GIVEN MATERIAL =>
____
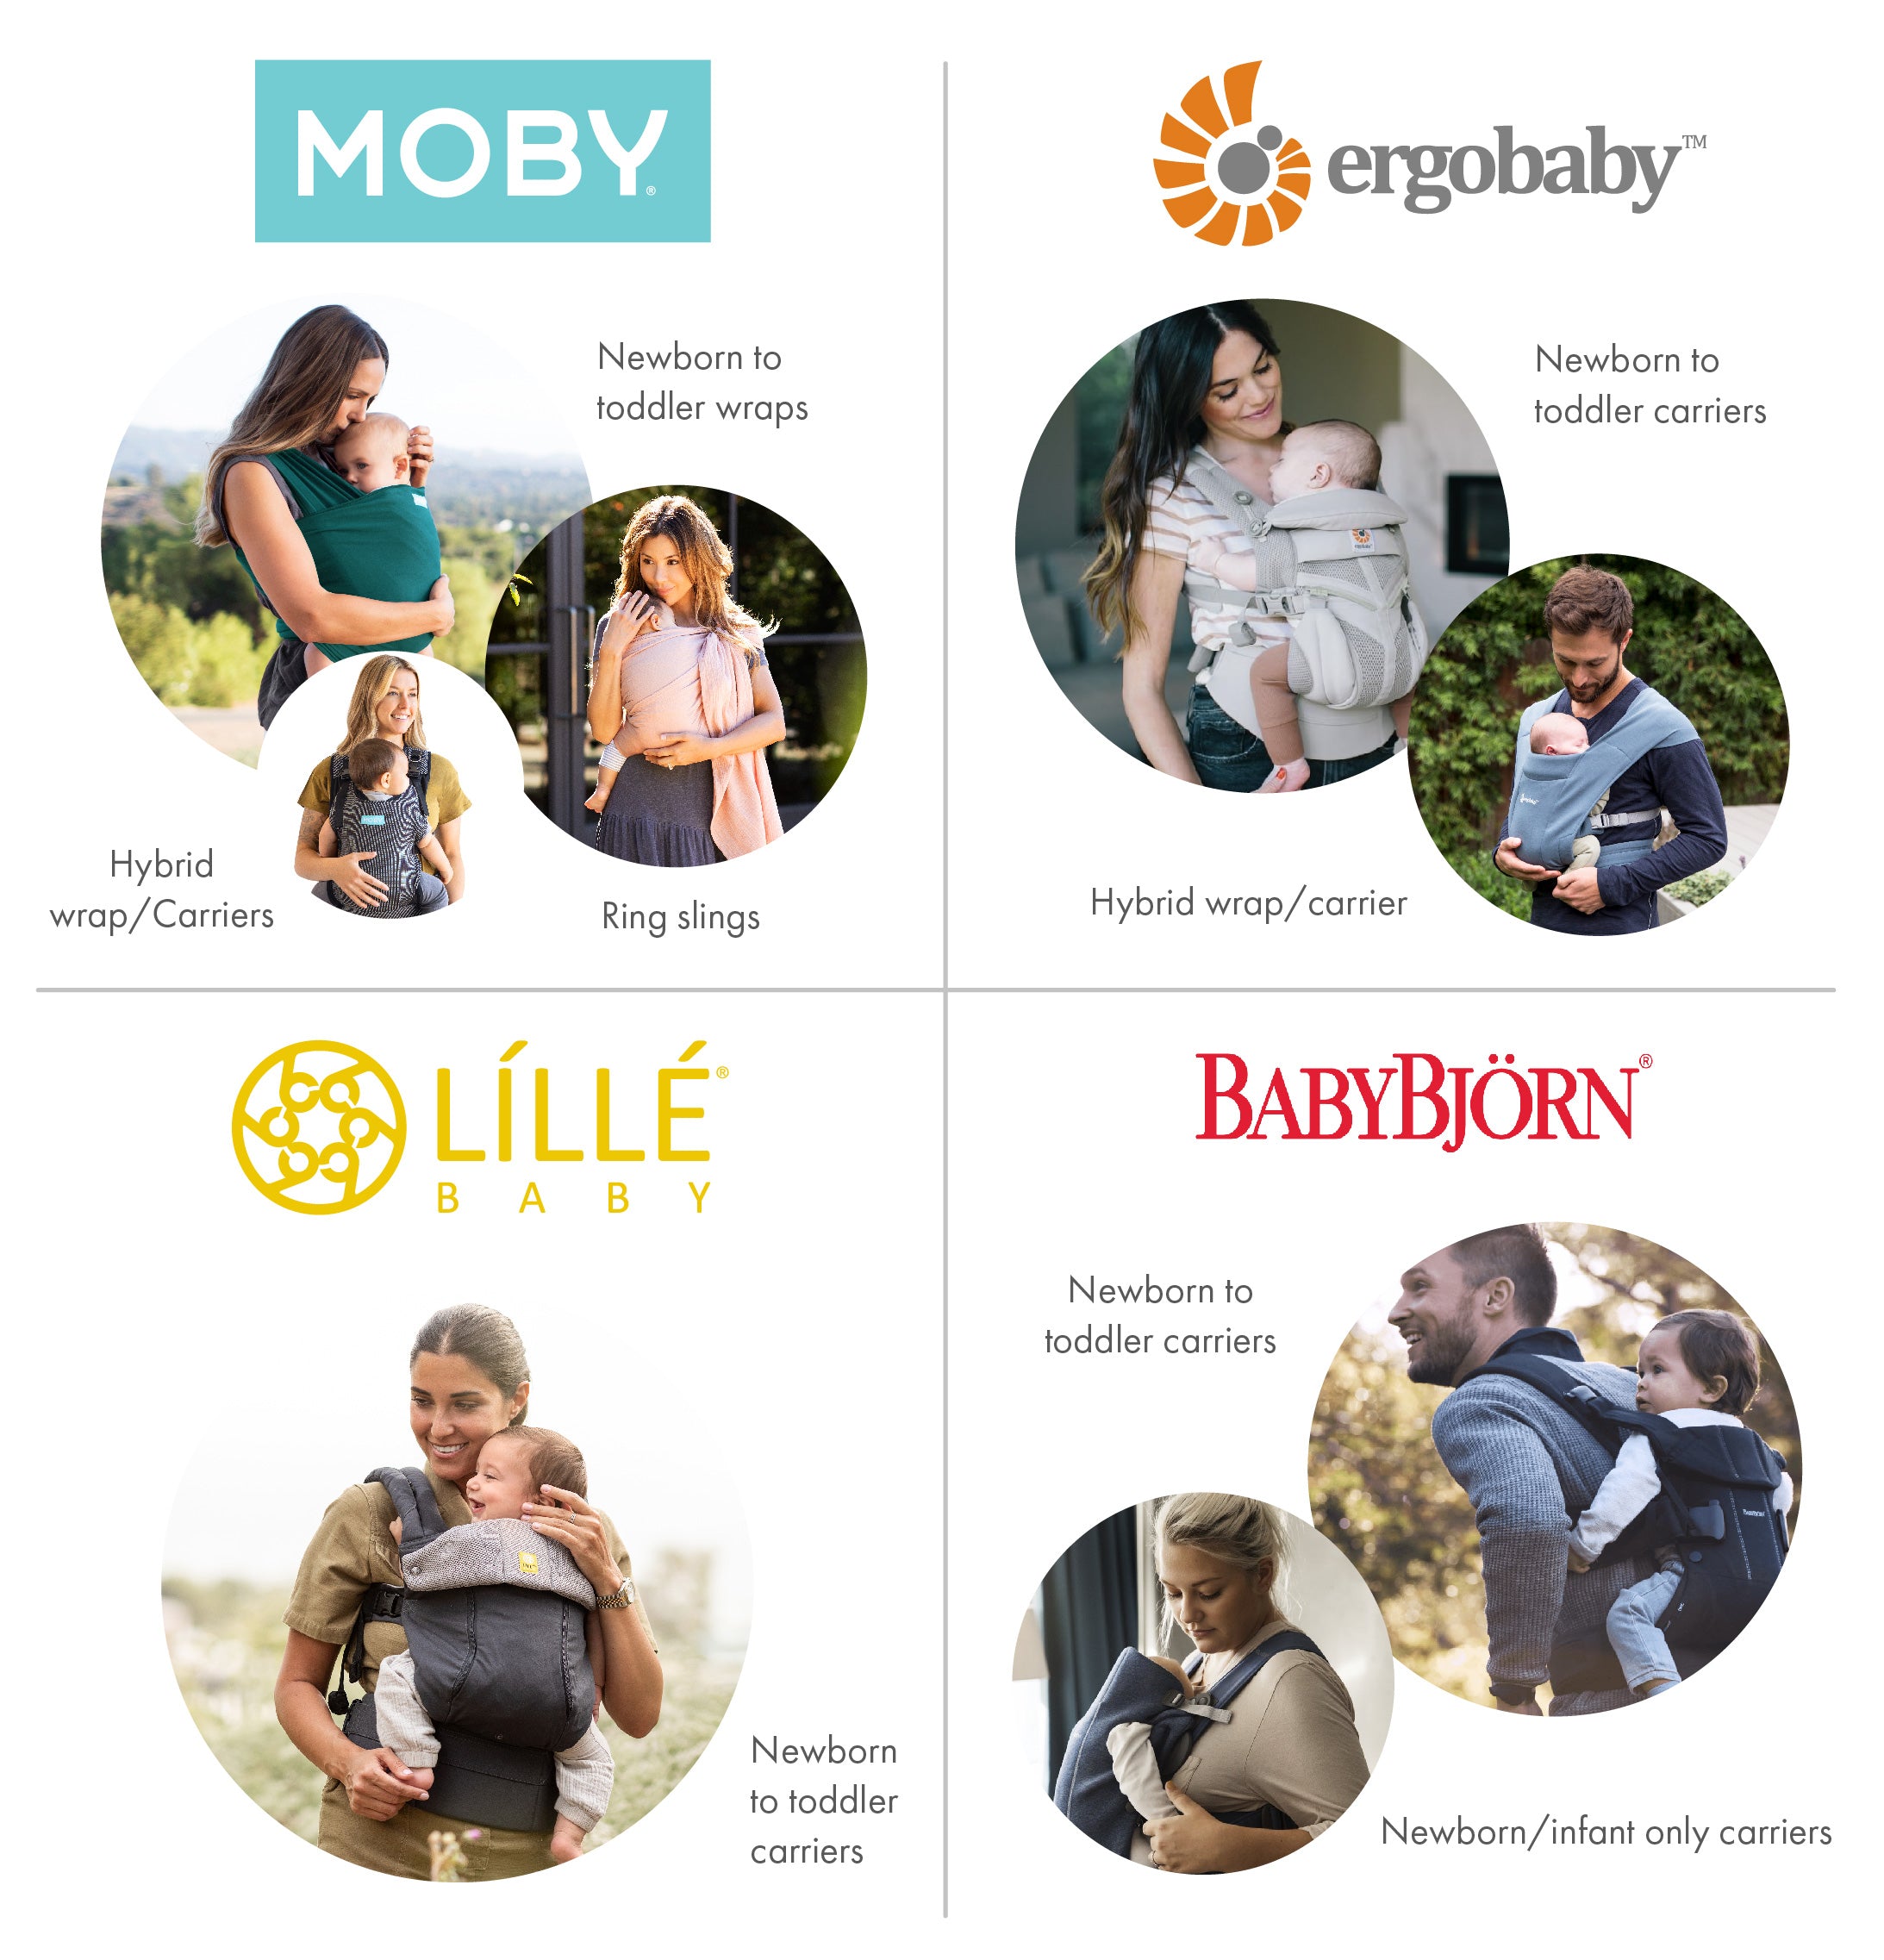 Belly Beyond stock a wide range of babywearing products, including MOBY's wraps, ring slings, hybrid carriers, and carriers, and the leading ranges of carrier from Ergobaby, LILLEbaby, and BabyBjorn.
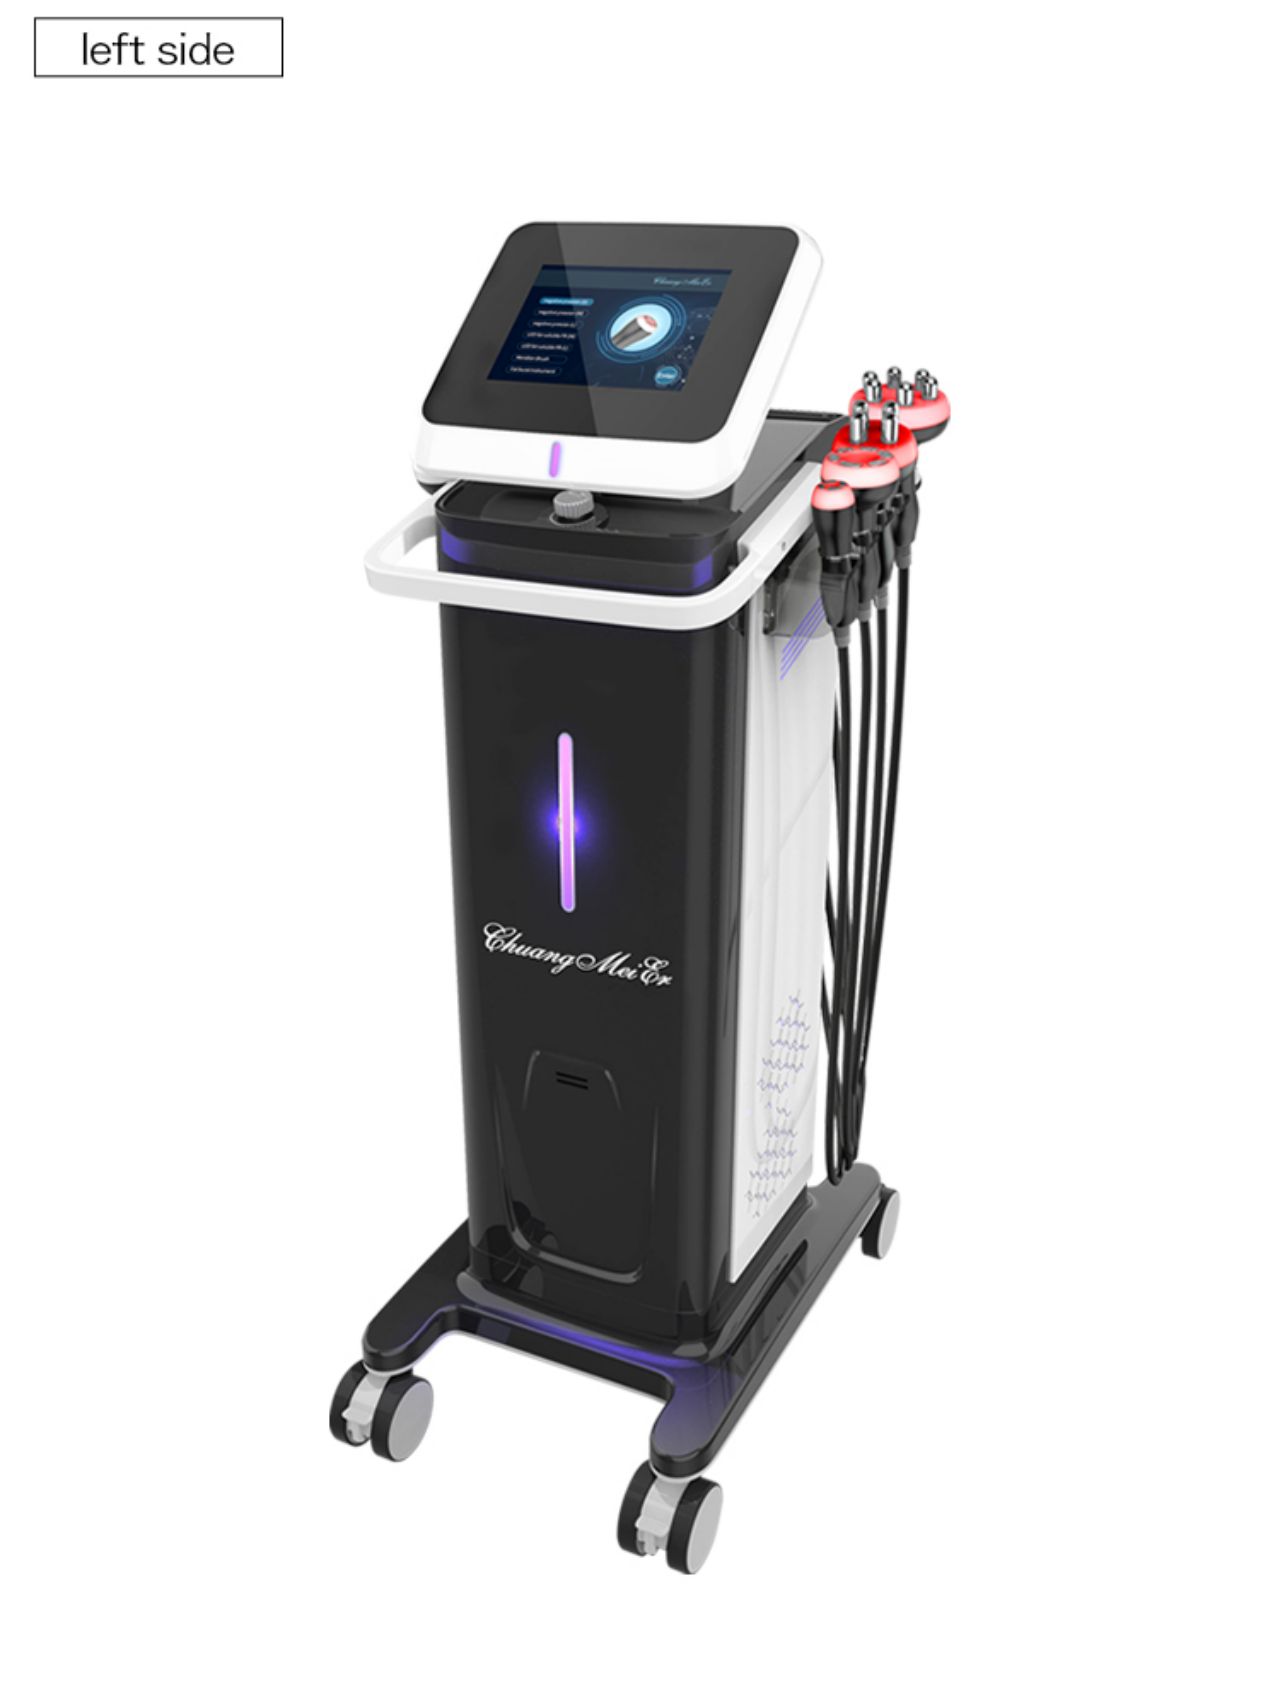 Vacuum RF therapy is a non-inv11
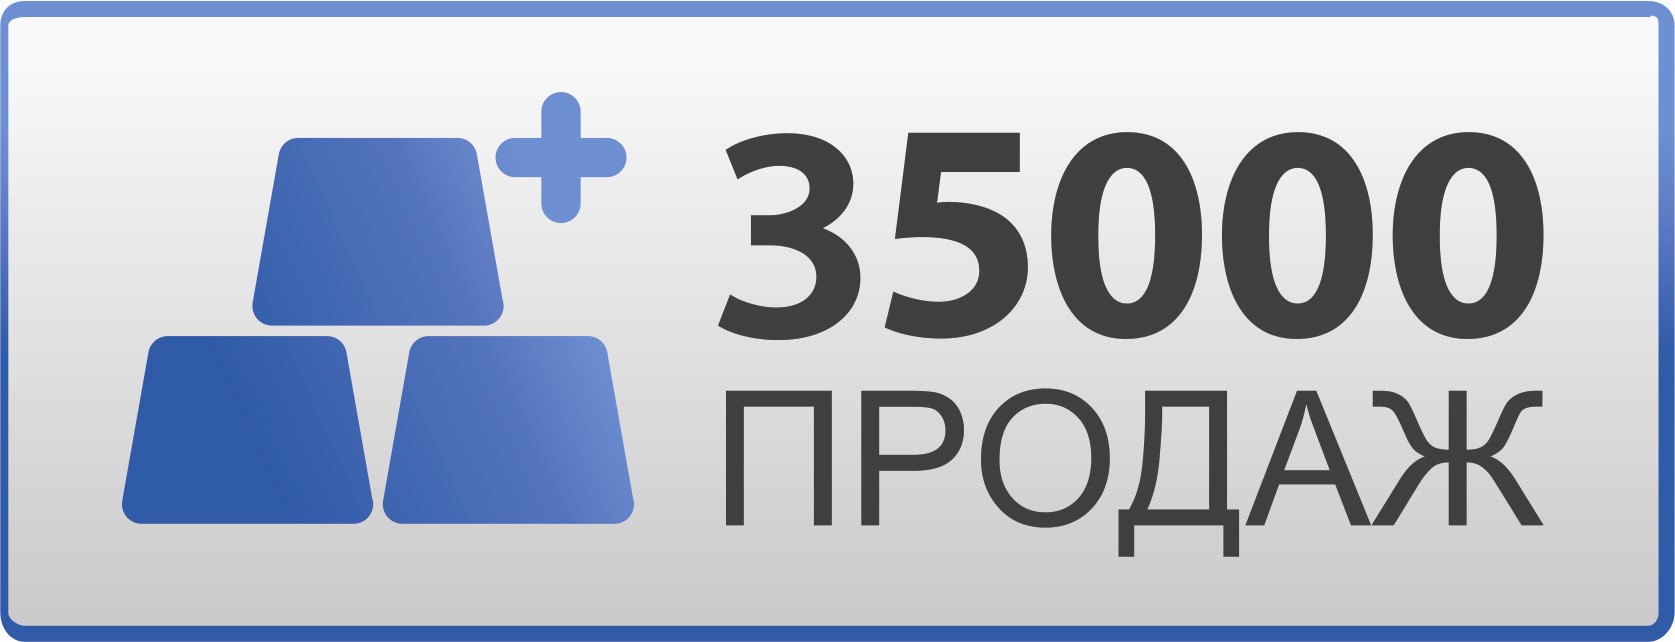 iTunes Gift Card (Russia) 300 rubles💳
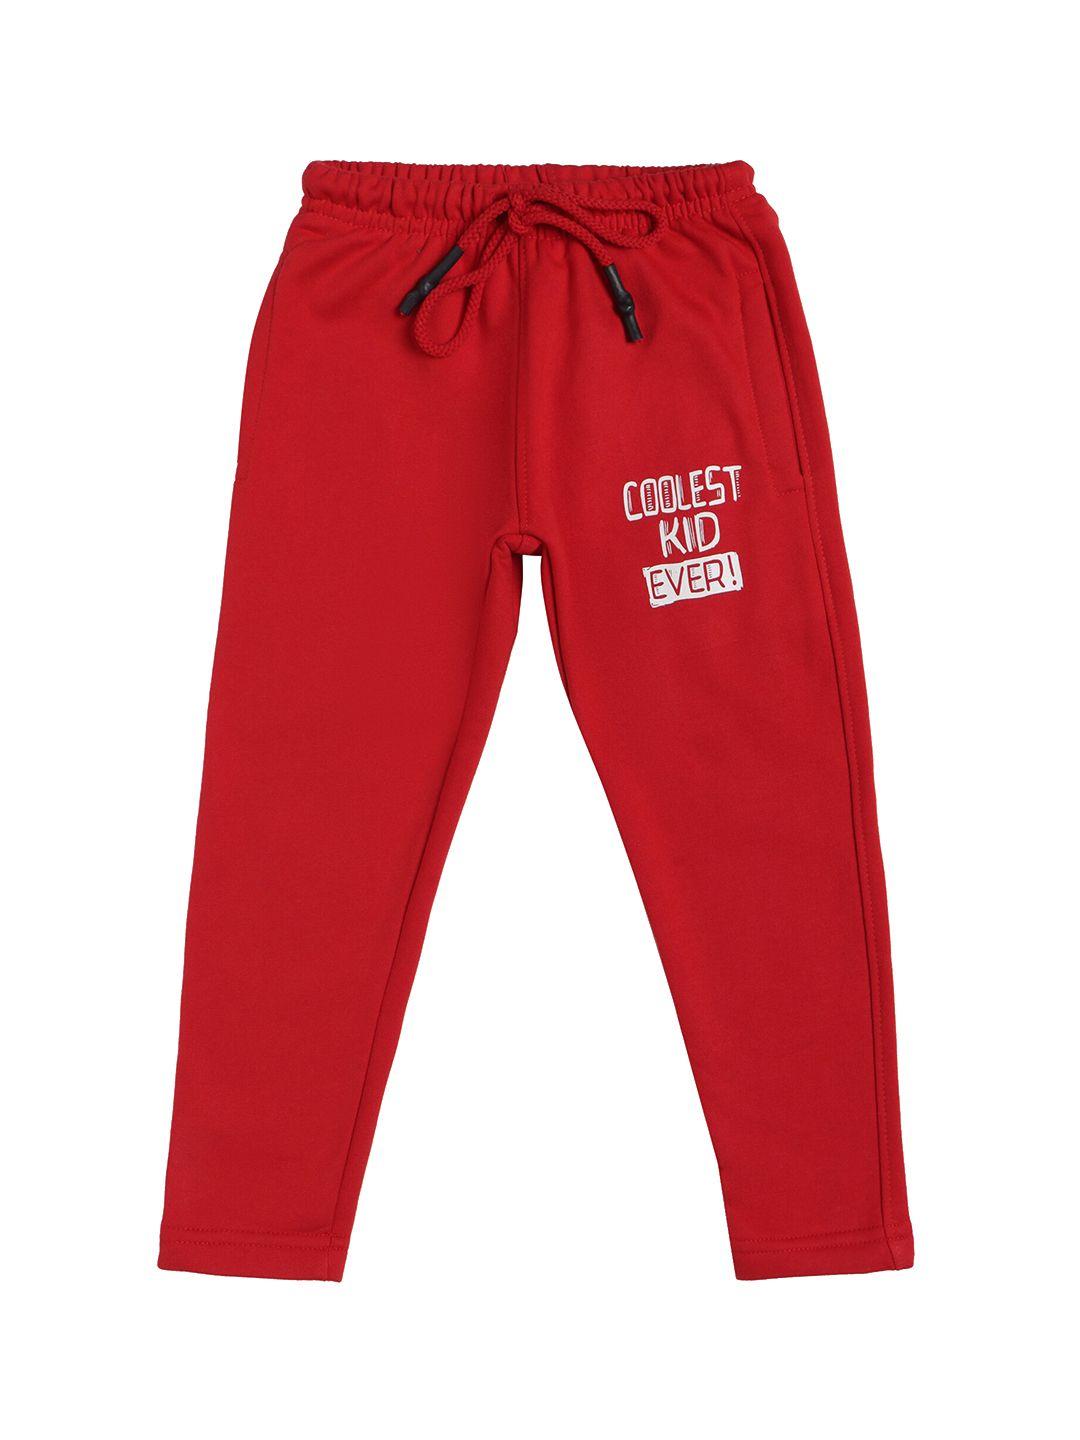 dyca-boys-red-solid-regular-fit-cotton-track-pants
____
TASK DESCRIPTION => Copy the final stretch of lines, starting at the one that holds "Vacuum RF therapy is a non-inv11" and ending at the last line of the data, exactly; omit pictures.

ANSWER TO THIS EXERCISE =>
 Vacuum RF therapy is a non-inv11
 iTunes Gift Card (Russia) 300 rubles💳
 dyca-boys-red-solid-regular-fit-cotton-track-pants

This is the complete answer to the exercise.